▶ [ACTION ITEM]
Return only the stretch of the material below that begins with the line containing "Signiert unten rechts" and ends with the line containing "Data Migration Services Riverton - NJ", exactly; both of those lines belong to it.
▽
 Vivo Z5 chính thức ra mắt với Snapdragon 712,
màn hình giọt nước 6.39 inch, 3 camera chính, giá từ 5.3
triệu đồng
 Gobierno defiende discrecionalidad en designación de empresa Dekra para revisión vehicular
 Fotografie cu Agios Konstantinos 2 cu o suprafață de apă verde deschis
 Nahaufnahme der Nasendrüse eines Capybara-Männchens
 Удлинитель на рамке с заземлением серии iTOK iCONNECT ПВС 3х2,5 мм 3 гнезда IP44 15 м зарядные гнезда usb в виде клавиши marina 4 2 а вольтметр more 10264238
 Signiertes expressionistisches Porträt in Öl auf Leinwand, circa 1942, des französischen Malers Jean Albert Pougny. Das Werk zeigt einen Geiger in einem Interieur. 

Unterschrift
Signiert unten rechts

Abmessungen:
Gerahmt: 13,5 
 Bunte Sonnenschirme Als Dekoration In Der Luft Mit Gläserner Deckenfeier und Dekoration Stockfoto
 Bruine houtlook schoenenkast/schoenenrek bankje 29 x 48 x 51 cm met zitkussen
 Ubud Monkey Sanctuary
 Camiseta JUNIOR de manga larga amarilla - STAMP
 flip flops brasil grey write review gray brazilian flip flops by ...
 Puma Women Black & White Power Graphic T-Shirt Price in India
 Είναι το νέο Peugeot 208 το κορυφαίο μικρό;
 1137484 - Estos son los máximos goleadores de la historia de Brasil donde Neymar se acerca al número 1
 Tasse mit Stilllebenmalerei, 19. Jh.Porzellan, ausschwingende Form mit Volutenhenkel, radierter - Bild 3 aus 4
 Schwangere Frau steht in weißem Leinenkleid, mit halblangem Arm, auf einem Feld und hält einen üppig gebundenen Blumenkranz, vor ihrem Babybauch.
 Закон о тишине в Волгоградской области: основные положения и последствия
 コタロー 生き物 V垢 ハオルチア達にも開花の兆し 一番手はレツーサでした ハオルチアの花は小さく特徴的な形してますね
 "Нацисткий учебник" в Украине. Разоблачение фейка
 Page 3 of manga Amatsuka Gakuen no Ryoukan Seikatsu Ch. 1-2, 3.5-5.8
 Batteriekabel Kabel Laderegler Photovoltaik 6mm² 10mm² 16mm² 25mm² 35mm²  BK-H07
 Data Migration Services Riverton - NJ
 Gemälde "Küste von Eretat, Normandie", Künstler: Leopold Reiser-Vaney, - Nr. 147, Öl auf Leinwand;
△
▶ [RESULT OF THE EXERCISE]
Signiert unten rechts

Abmessungen:
Gerahmt: 13,5 
 Bunte Sonnenschirme Als Dekoration In Der Luft Mit Gläserner Deckenfeier und Dekoration Stockfoto
 Bruine houtlook schoenenkast/schoenenrek bankje 29 x 48 x 51 cm met zitkussen
 Ubud Monkey Sanctuary
 Camiseta JUNIOR de manga larga amarilla - STAMP
 flip flops brasil grey write review gray brazilian flip flops by ...
 Puma Women Black & White Power Graphic T-Shirt Price in India
 Είναι το νέο Peugeot 208 το κορυφαίο μικρό;
 1137484 - Estos son los máximos goleadores de la historia de Brasil donde Neymar se acerca al número 1
 Tasse mit Stilllebenmalerei, 19. Jh.Porzellan, ausschwingende Form mit Volutenhenkel, radierter - Bild 3 aus 4
 Schwangere Frau steht in weißem Leinenkleid, mit halblangem Arm, auf einem Feld und hält einen üppig gebundenen Blumenkranz, vor ihrem Babybauch.
 Закон о тишине в Волгоградской области: основные положения и последствия
 コタロー 生き物 V垢 ハオルチア達にも開花の兆し 一番手はレツーサでした ハオルチアの花は小さく特徴的な形してますね
 "Нацисткий учебник" в Украине. Разоблачение фейка
 Page 3 of manga Amatsuka Gakuen no Ryoukan Seikatsu Ch. 1-2, 3.5-5.8
 Batteriekabel Kabel Laderegler Photovoltaik 6mm² 10mm² 16mm² 25mm² 35mm²  BK-H07
 Data Migration Services Riverton - NJ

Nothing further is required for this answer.